Our human tendency is to value things a lot more once we have put investment into something. Because of this tendency we often use our sunk costs (money, time, energy, love) to justify making a decision about how to act today.
One brief example; An abused spouse stays in an abusive relationship because they've been together for a long time. OK, one more example. Scientists have shown that they can actually sway people’s pro-war attitudes by highlighting casualties of a war prior to administering a questionnaire about people's support for the war.

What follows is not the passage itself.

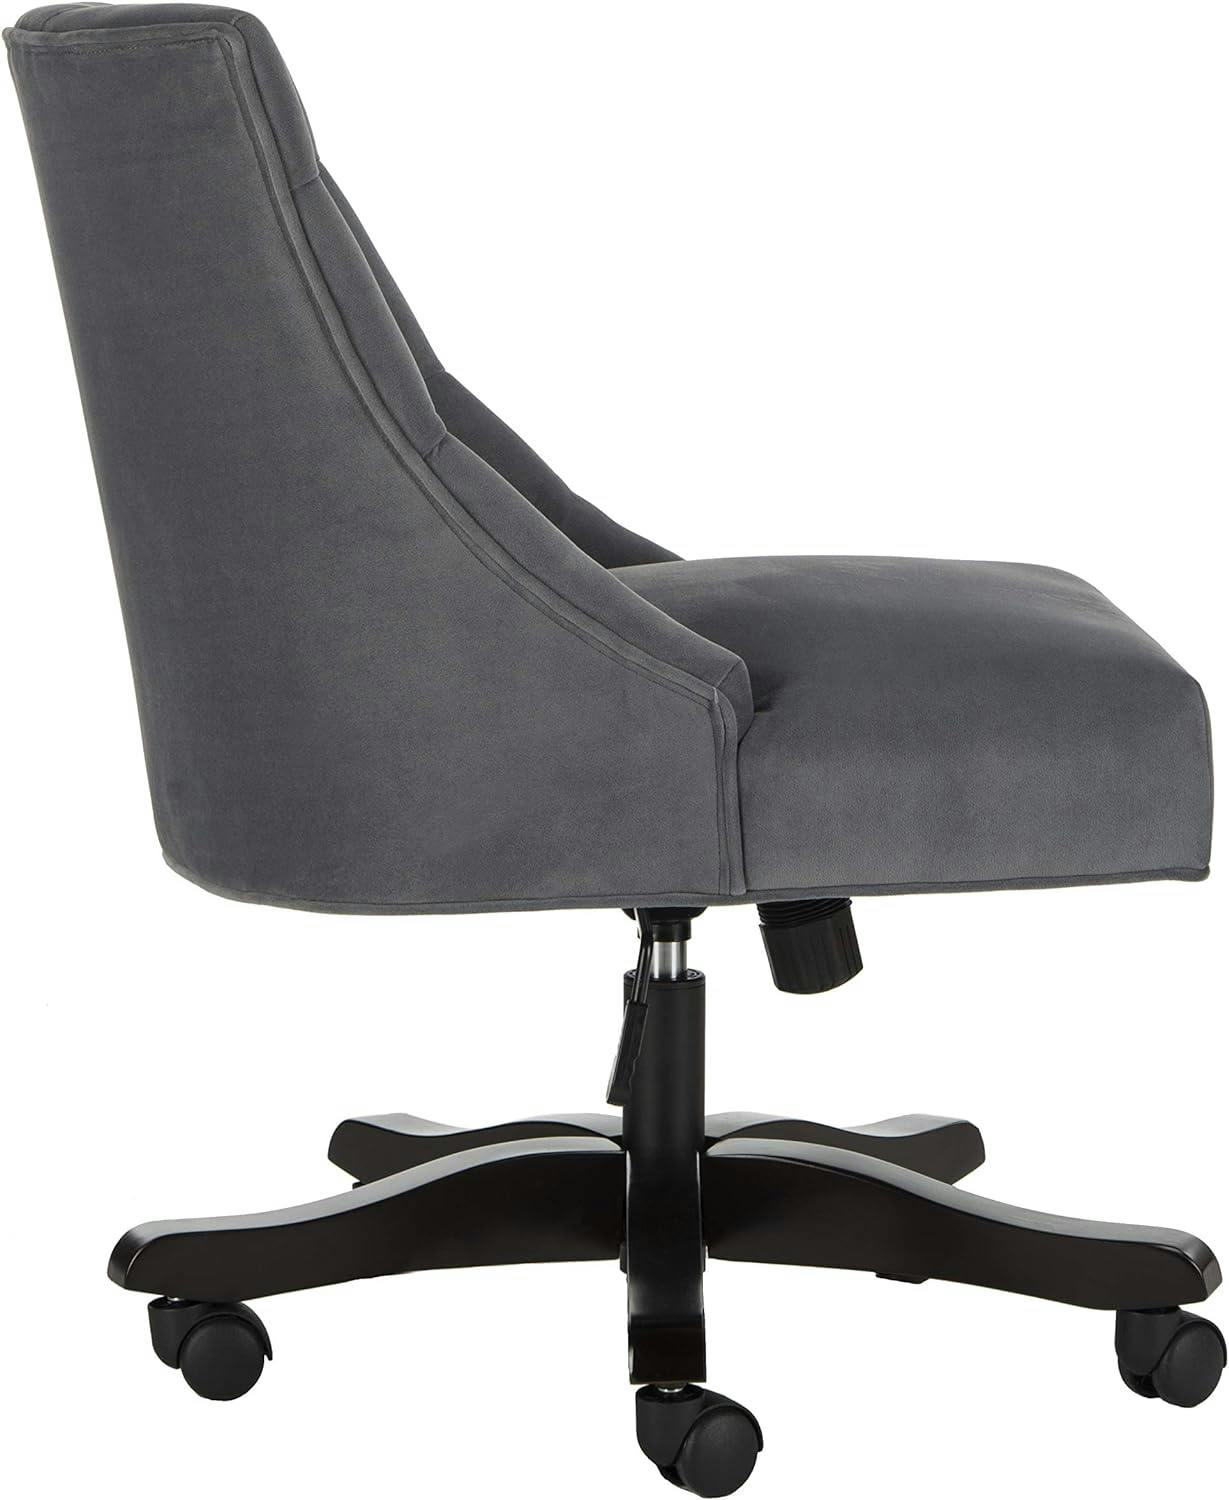 Elegant Gray Tufted Transitional Swivel Desk Chair in Wood Finish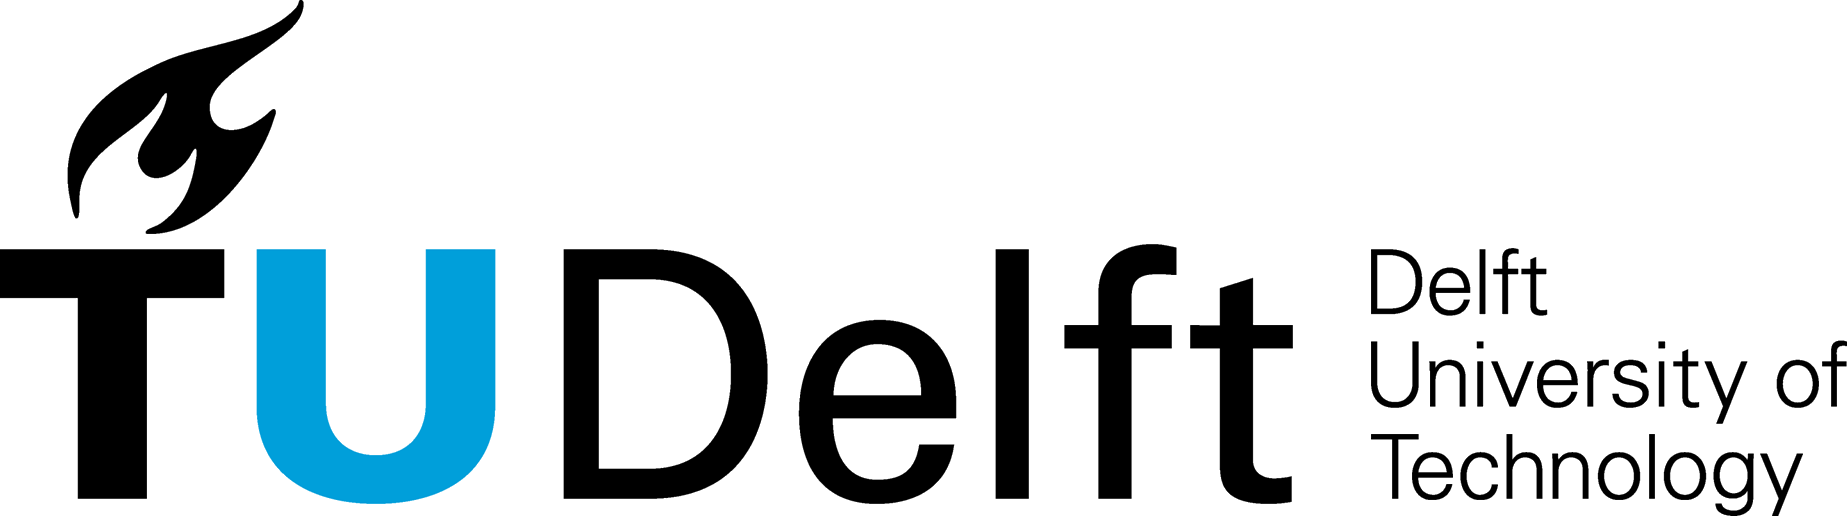 TU_Delft-logo

Economists and social scientists know that making today's decisions based on sunk costs is almost always a bad idea. In the examples above, the years the abused spouse spent in an abused life and the dead soldiers are both sunk costs. They really have no bearing on whether the spouse should stay or go or whether the war should continue or end. Sunk costs are tied to the idea of “loss aversion”, which is a preference to minimize losses as opposed to maximizing gains. If the best decision for the well being of the abused spouse is to leave then he/she should do it regardless of the sunk cost of the past relationship. Likewise, if the best decision is to end the war, then it should be done regardless of the past regrettable loss of soldiers lives.
A parallel idea is that you can't live in either the past or the future. You can only live today and make the best decisions you can based on where you are now (or the landscape you are currently in - thus the name of this blog).
Someone once said, “Play the board as it is, not how you want it to be.”
I like the quote from Michael Novotny's mother in the TV show "Queer as Folk" where she says, "If you've got one foot in tomorrow and one foot in yesterday, you'll piss on today." More crass, but it gets the point across.
These ideas are important to me because they help explain where I am today with respect to my feelings for and about the LDS Church. I have gained a lot from my participation in the Church but today it seems very irrelevant and potentially harmful for me to continue to invest in it. The high returns are no longer there for me. I can get better returns by investing my emotions, time, and commitment elsewhere. So regardless of the sunk costs, in many respects it's time for me to move on.
Some will say that this way of thinking does not apply to matters of faith because if the Church is true then to be saved you must stay and be faithful forever regardless of the personal sacrifice involved. I also used to believe that but I don't anymore and I think I've got good reasons (more in future posts). Most importantly, I believe I've got the same spiritual confirmation that it's time to move on that I had before about staying.
So stop focusing on the sunk costs, live and love and smile, and take a flying leap forward today.